This medicine belongs to the group of diuretics, reduces swelling of the brain that occurs during a concussion. The use of the drug improves the patient's prognosis for recovery. The medicine is prescribed by a neurologist after a thorough examination of the patient and additional examination methods.
General information and mechanism of action of Diacarb
Diacarb shows good results in cases of concussion due to its diuretic effect. The medicine blocks an enzyme in the renal tubules, increasing the excretion of sodium and potassium ions in the urine, which leads to increased diuresis and the removal of excess fluid from the human body. It is this mechanism of action that causes a decrease in the intensity of cerebral edema and reduces the risk of developing complications of traumatic brain injury.

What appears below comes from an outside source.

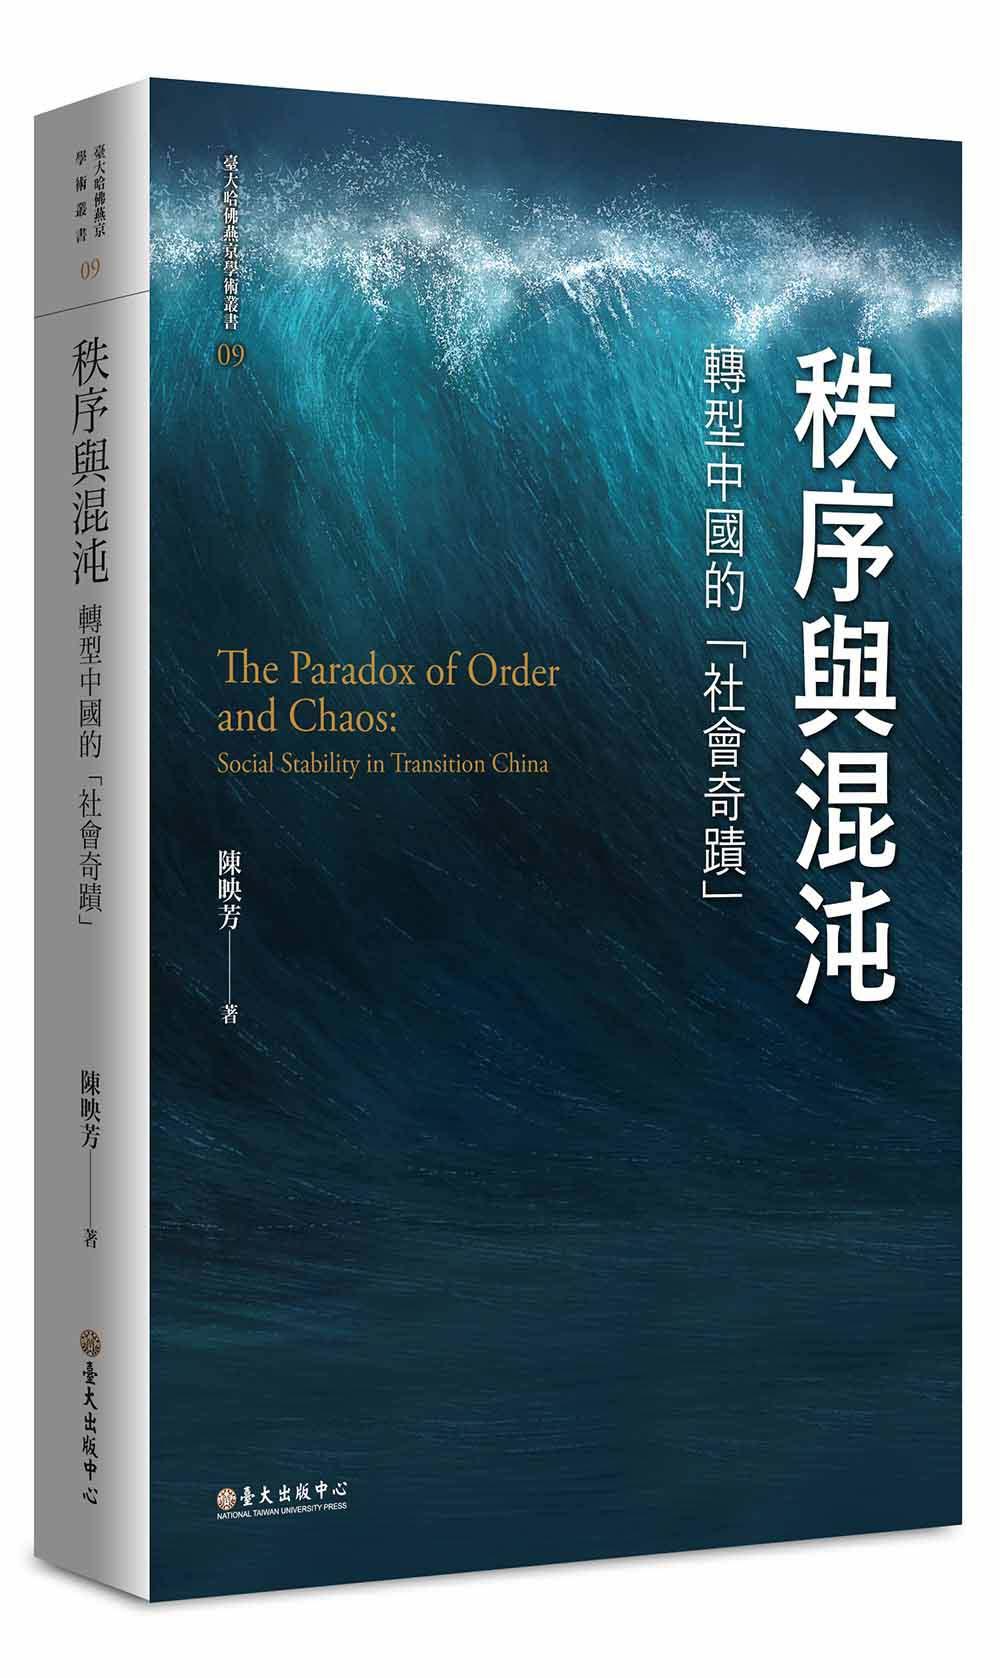 秩序與混沌──轉型中國的「社會奇蹟」(限量精裝版)

The average duration of effect from taking the medicine is 12 hours, after which the diuretic activity of Diakarb is significantly reduced.
All about head injuries in children: what to do to avoid them.
Read about concussion symptoms: what you need to know?
Indications and contraindications for use
Diacarb for concussion in children and adults is the most important drug in the treatment regimen. It is prescribed to patients who have no contraindications to its use. In addition, the drug is used to treat edema syndrome of any cause.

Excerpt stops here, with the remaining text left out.